As for lithium self discharge is really a moot point. The industry as a whole clearly state self discharge is 1 to 3%, and CALB are not on the high end of that as they are not top quality LFP batteries. But again that is a moot point when the batteries are cycled daily/weekly or frequently. They will never be sitting around long enough for self discharge to amount to anything.


----------



## sabahtom (Mar 1, 2011)

*Difference in voltage under load between pos/neg terminals*

I can connect the 5A load at A or at B, and still keep it across the whole pack.

I see 2.85v at point B under 5A load. At the same time at point A it's 3.56v.

When I remove the load point A is 3.205v and B is 3.208v. 
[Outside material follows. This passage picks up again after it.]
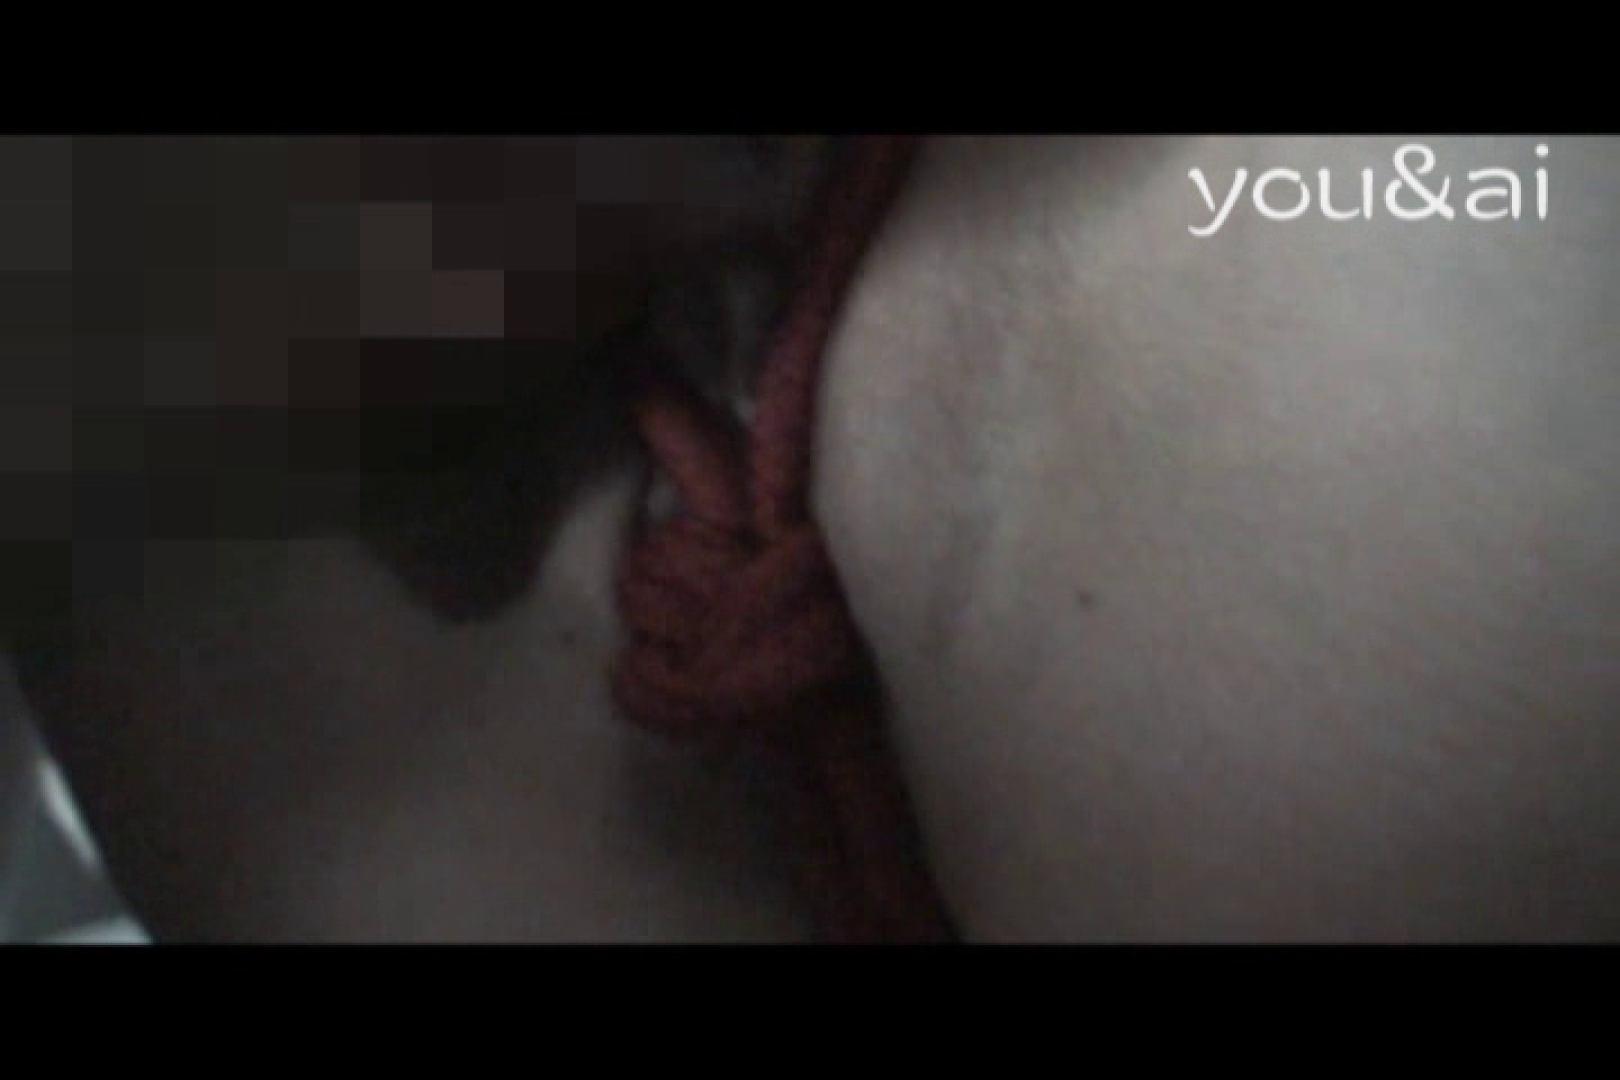 おしどり夫婦のyou&aiさん投稿作品vol.4 カーセックス えろ無修正画像 59連発 12

The highest cell in the pack with no load is 3.214 and the lowest is 3.205. There might be some inaccuracy in the measurements there but the interconnects seem good.

Any thoughts appreciated 

Edit: Seems that 2.85v + (3.56-2.85)/2 gives me 3.205v. That's the pack average, and I guess it's not a coincidence if it's that neat.


----------



## Sunking (Aug 10, 2009)

*Re: Difference in voltage under load between pos/neg terminals*



sabahtom said:


> I can connect the 5A load at A or at B, and still keep it across the whole pack.
> 
> I see 2.85v at point B under 5A load. At the same time at point A it's 3.56v.
> 
> ...


Sounds like you have bad connections. Only way possible to have .4 volt difference between batteries in parallel is if you have significant resistance somewhere in the circuit with current flowing.


----------



## sabahtom (Mar 1, 2011)

You're right Sunking. The floor is uneven, causing a few of them to twist and reduce the contact surface.


----------